Figure 3. Color photographs of the nasal (A) and inferotemporal (B) retina following placement of a 360-degree encircling band in an eye with a rhegmatogenous retinal detachment and no posterior vitreous detachment. A cryotherapy scar is seen to be supported by the encircling band, the posterior border of which was placed so as to be posterior to the tear and retinopexy treatment (A).
 
Segmental/limited buckles are useful for breaks that span no more than six clock hours, and are readily identified and treated with retinopexy. All segmental buckle indents fade with time, thus the long-term success is reliant upon permanent retinopexy rather than permanent scleral indentation. This is a technique that is favored over encircling buckles in the United Kingdom. Encircling buckles may be combined with an additional segmental buckle to provide a higher indent over a localized area, together with providing some 360-degree indent.8

Radial buckles with a sponge are best for single breaks between recti muscles (for easiest access), particularly highly elevated retinal tears.

Surgical Technique

Scleral buckle surgery can be easily summarized into several discrete steps, as follows:

1. Conjunctival peritomy and isolation of rectus muscles.
2. External localization of all retinal breaks.
3. Decide on buckle type and location.
4. ±External drainage of subretinal fluid.
5. Treat break(s)—cryotherapy, typically.
6. Place and secure buckle.
7. Retinal examination.
8. Conjunctiva and Tenon’s capsule closure followed by subconjunctival steroid and antibiotic injection.

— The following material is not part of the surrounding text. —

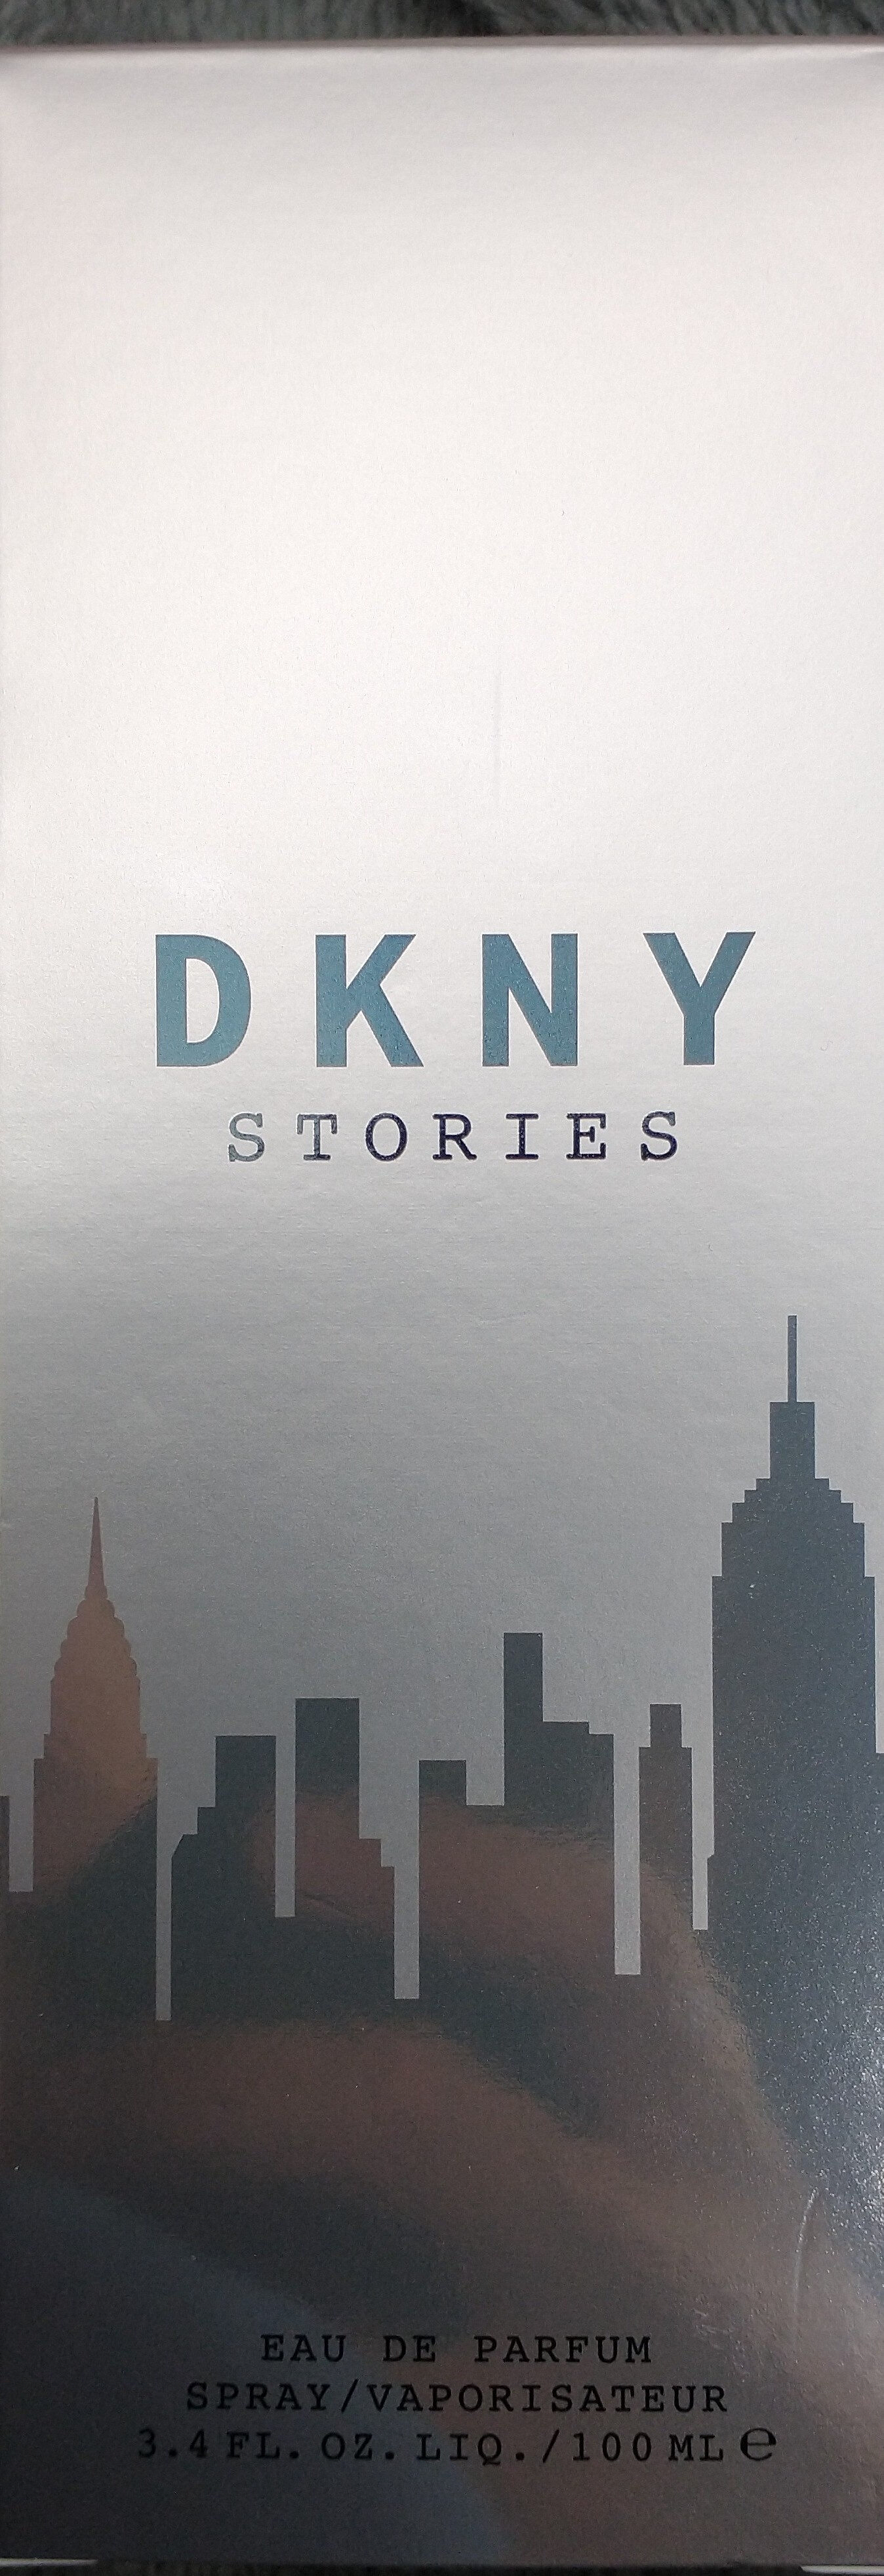 DKNY Stories - Tuote - de

However, there are important pearls and pitfalls to bear in mind to optimize the chance for success. The most important aspect of any approach to treating RRD is the ability to localize and treat all retinal tears (See Figure 2), without which any technique is far more likely to fail. Preoperative assessment and planning is the key to success in SB surgery. Evaluate using an indirect ophthalmoscope with a condensing lens (20 or 28D), preferably with scleral indentation to optimize the view of the peripheral retina. If the view of the retina is compromised by media opacities, e.g., vitreous hemorrhage, such that the ability to adequately perform SB is compromised, PPV should be considered.1,18,19

Once all the breaks have been localized and marked appropriately, retinopexy is typically performed with cryotherapy (See Figure 3). It is difficult to achieve adequate retinopexy with laser photocoagulation alone in the presence of even shallow subretinal fluid.

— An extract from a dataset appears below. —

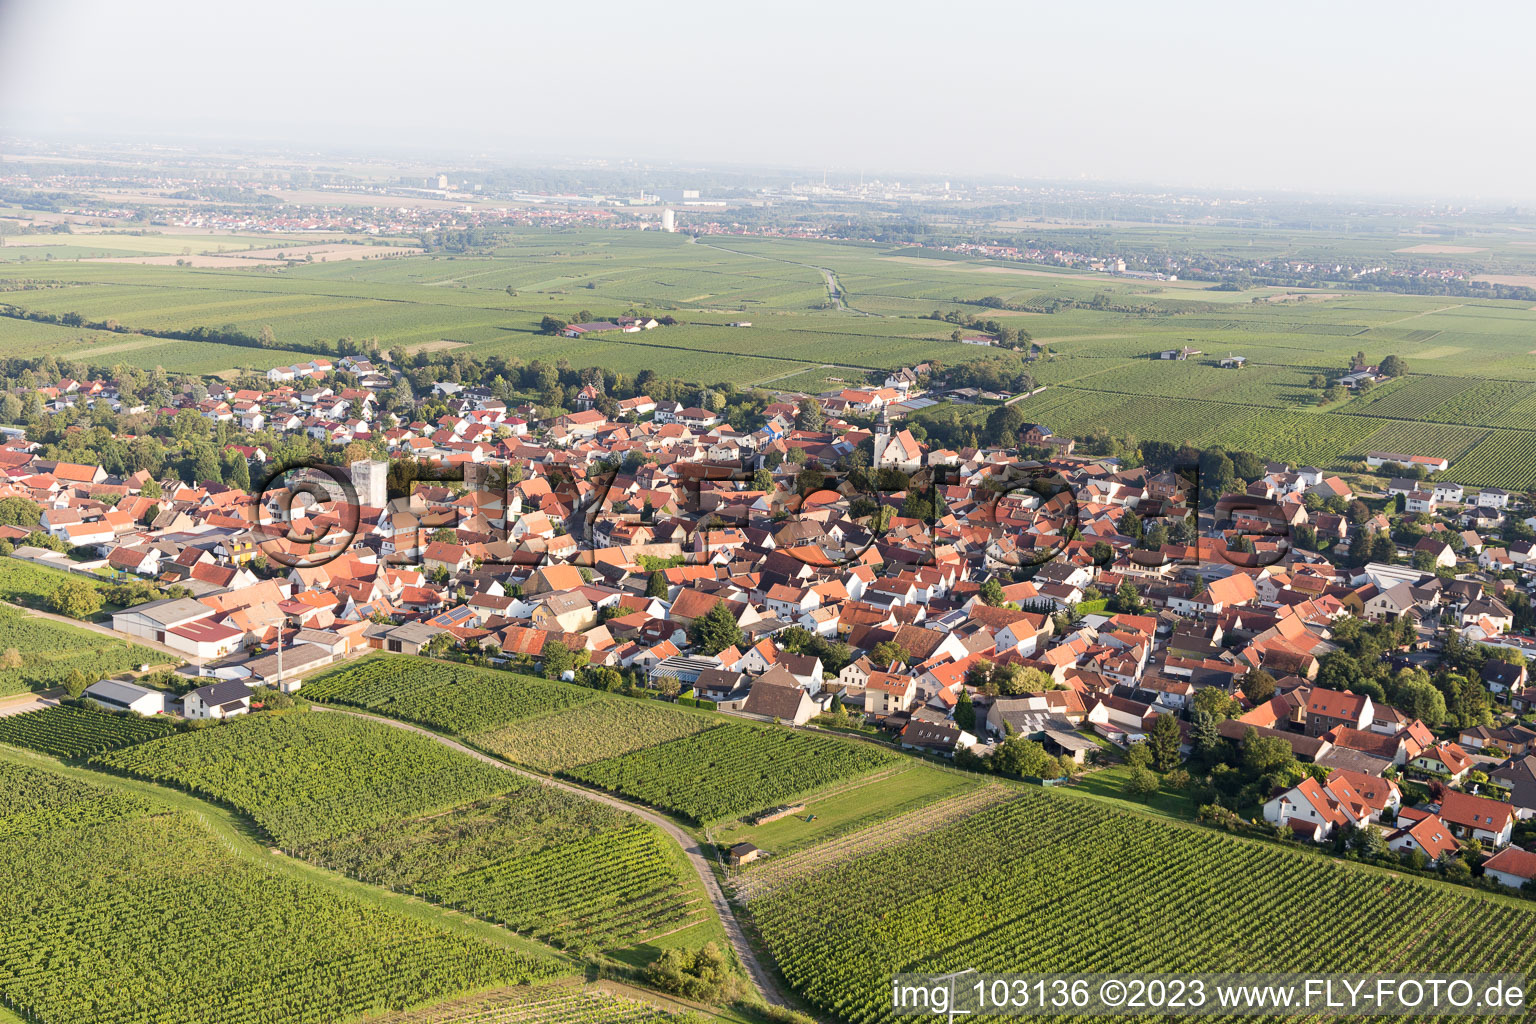 Bechtheim im Bundesland Rheinland-Pfalz, Deutschland von oben gesehen

Drainage of the subretinal fluid may be required in the following situations:

    • highly elevated break and detachment precluding adequate cryotherapy to retinal break;
    • high scleral indentation of more than six clock hours required subsequent intraocular pressure rise sufficient to occlude central retinal artery despite repeated paracentesis; and
    • chronic detachments.

Techniques for external drainage of subretinal fluid include a needle drain and scleral cut down with choroidotomy (laser or needle). Our preference is for a needle drain technique. A spatulated needle with an exposed 2- to 2.5-mm tip is used to create a single stab into the sclera at a site with deep subretinal fluid (elevated retina a long distance away from the RPE). Constant firm external pressure is applied on the globe for several minutes to encourage subretinal fluid egress. If drainage is planned, it is wise to pre-place scleral sutures for the buckle, as suturing the sclera in a hypotonous eye is challenging with an increased risk of choroidal hemorrhage.

If a non-drainage technique is chosen, it may be necessary to do an anterior chamber paracentesis to lower IOP, which may be repeated.

The choice of buckle depends on a number of factors, principally the number and location of breaks and desired height of scleral indentation. The choice of encircling versus segmental versus radial buckles has been discussed in the previous section. Explants come in a variety of shapes and sizes. A buckle of sufficient width must be chosen to ensure the buckling element and indent extends past the posterior portion of the retinal break (See Figure 3). Accurate break localization, noting the most posterior extent, is essential. For example, with a large retinal dialysis, the most posterior edge of the dialysis can hang back a surprisingly long way from the ora serrata; a buckle of sufficient width needs to be chosen to provide indentation from the ora serrata to the posterior limit of the dialysis.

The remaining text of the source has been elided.